For Kylie Collins and her family, nothing beats growing mangoes. “They’re just the most amazing fruit,” Kylie said. “I grew up spending pretty much every cent of my pocket money on mangoes, and now I get to be surrounded by as many of them as I can possibly eat when the season is in swing.”

And when the first fruit of the season does hit? “Watch out!” Kylie said. “Everyone in the family will have all had their eye on it right from the flowering and are just dying for a taste. When the first piece of fruit is ready we very, very carefully divide it up five ways so that my husband, Sam, the three kids and I each get a completely equal share.”

Kylie and Sam, who have owned their Dimbulah-based Blushing Acres since 2002, aren’t originally from a growing background. “I have a degree in business and Sam is a heavy equipment fitter by trade, and for years we had a mechanical workshop business in Papua New Guinea,” Kylie said. “Sam had always had a passion for growing things, so when we decided to move back to Queensland we approached the markets and asked the people there what they thought was a good thing to grow for the future. One of the things that really stuck out was mangoes, and now here we are.”

Kylie said that while she grew up on a sheep and cattle property, she’d never been exposed to the intensities of a horticulture business. “Starting out was definitely intense. There was a massive learning curve, and at the time our eldest was only two years old and I was five months’ pregnant with our second child. Now I’ve really come to appreciate the action of the season. Yes it’s full on and exhausting, but it’s short and sweet.”

One of the key challenges of growing mangoes is the ever-increasing costs, Kylie said – particularly in regards to labour. “Because we’re price takers, not price makers, we can’t pass our increased costs on to the consumers.

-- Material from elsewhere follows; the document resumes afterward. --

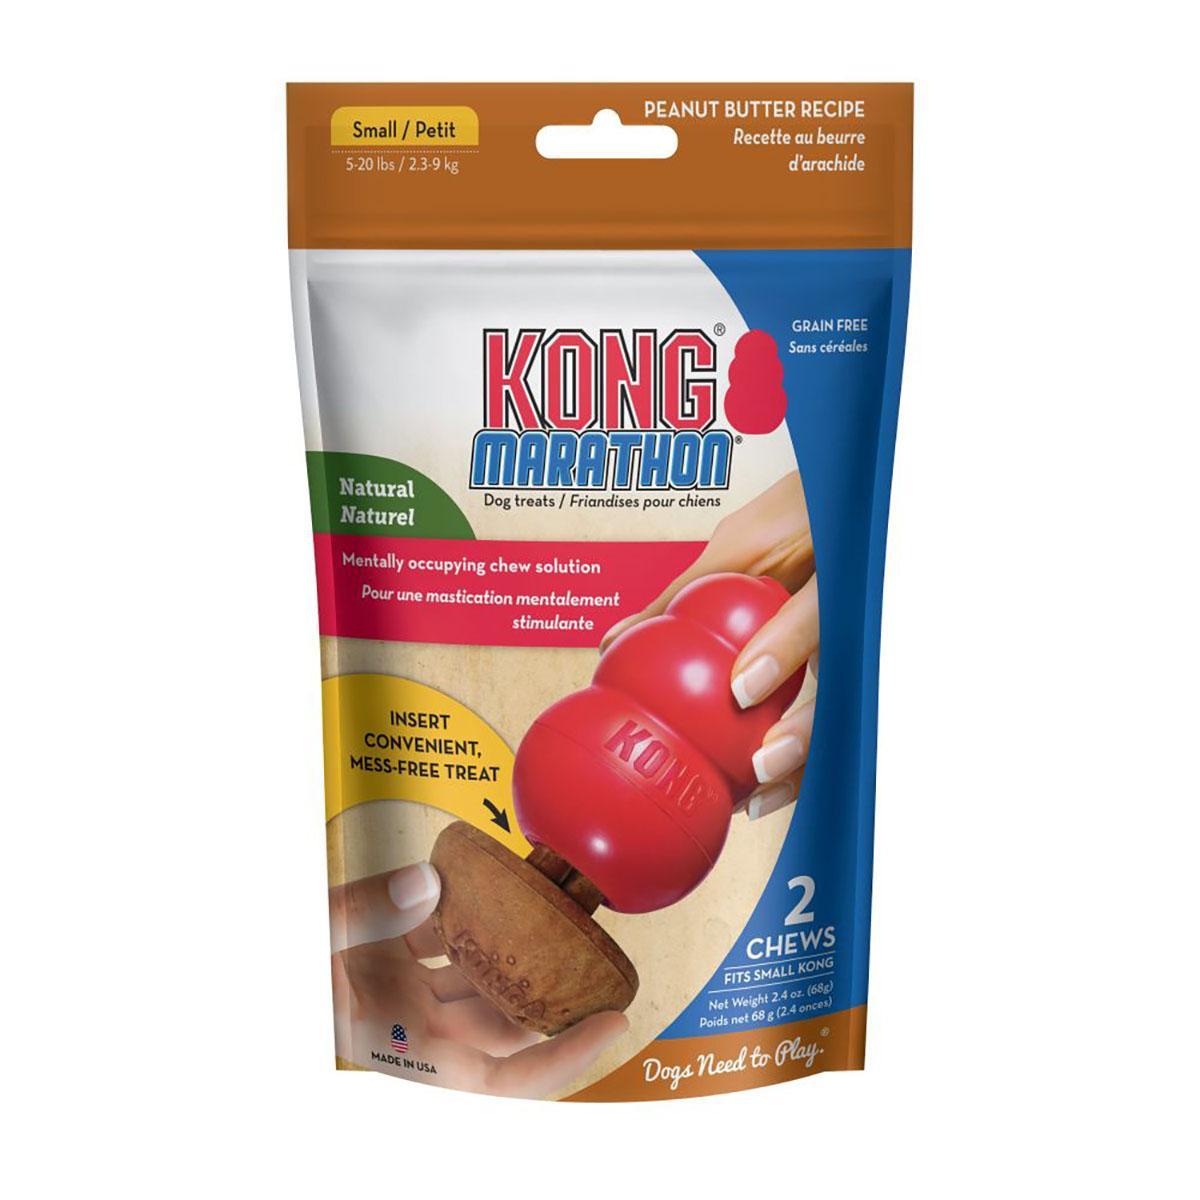 KONG Marathon® 2-pk Dog Treat - Peanut Butter

So to overcome that you’ve got to always be looking at ways of mechanising things and just being as efficient as you can be.”

To this end, Kylie and Sam have implemented a range of technologies on their property. “For two years now we’ve had a Compac computer vision-based grading system in our packing shed, and that’s made the shed very, very efficient,” Kylie said. “As long as you’ve programmed it correctly – and doing so can be a challenge – it’s incredibly consistent and reliable. It definitely doesn’t get that 3pm blood sugar low!

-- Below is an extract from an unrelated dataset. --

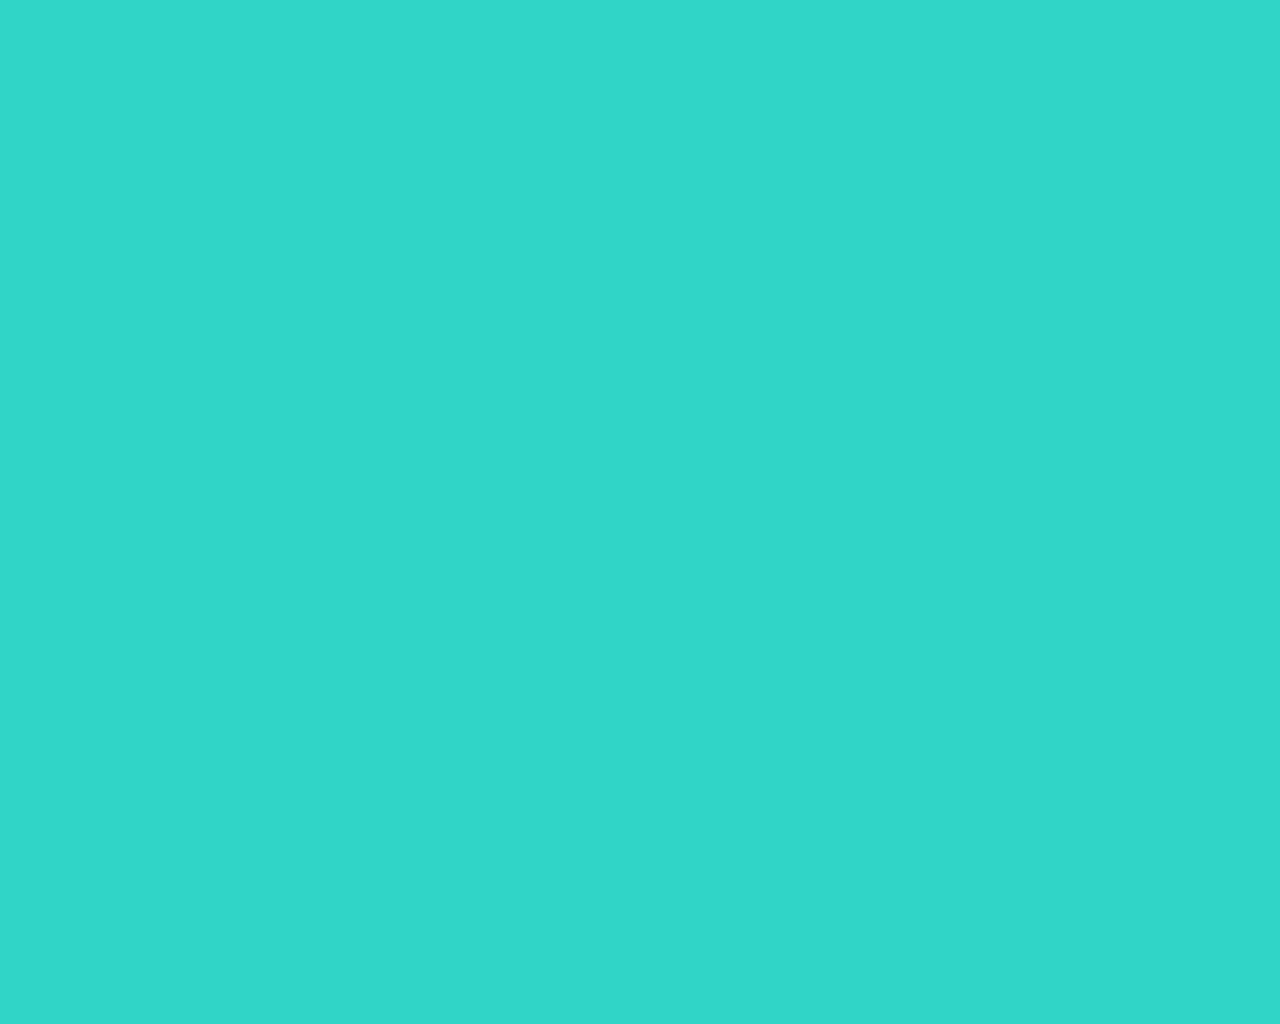 Aqua colored wallpaper wallpapersafari - Turquoise wallpaper pinterest ...

“We also have a lot of automation with our irrigation and fertilisation and things like that. Obviously there’s a capital expense, but the automation means we get more time for ourselves at the end of the day, and can actually leave the farm and go away on holidays when the time is right.”

To improve efficiencies, Kylie and Sam are also constantly evaluating their trees. “We have 11,700 trees growing Calypso and Honey Gold mangoes, plus 2,500 avocado trees, and I don’t think too many of them are original to the farm,” Kylie said. “The change has all been through looking at the returns, looking at the margins.”

For the future, Kylie said she’d love to see mango growers come together more as an industry. “Let’s make sure we get involved with what’s going on – let’s attend field days together and have that opportunity to share,” she said.

“We had a spray-focused field day on our property recently, where we looked at calibrating spray tractors. Sam and I were fairly confident in how we were set up, but when we did the paper test and the dye test we weren’t getting the coverage that we expected.

“So you can always learn something on field days. They’re a good chance to see what you might need to look at, and ultimately how you can increase your yield and improve your quality.”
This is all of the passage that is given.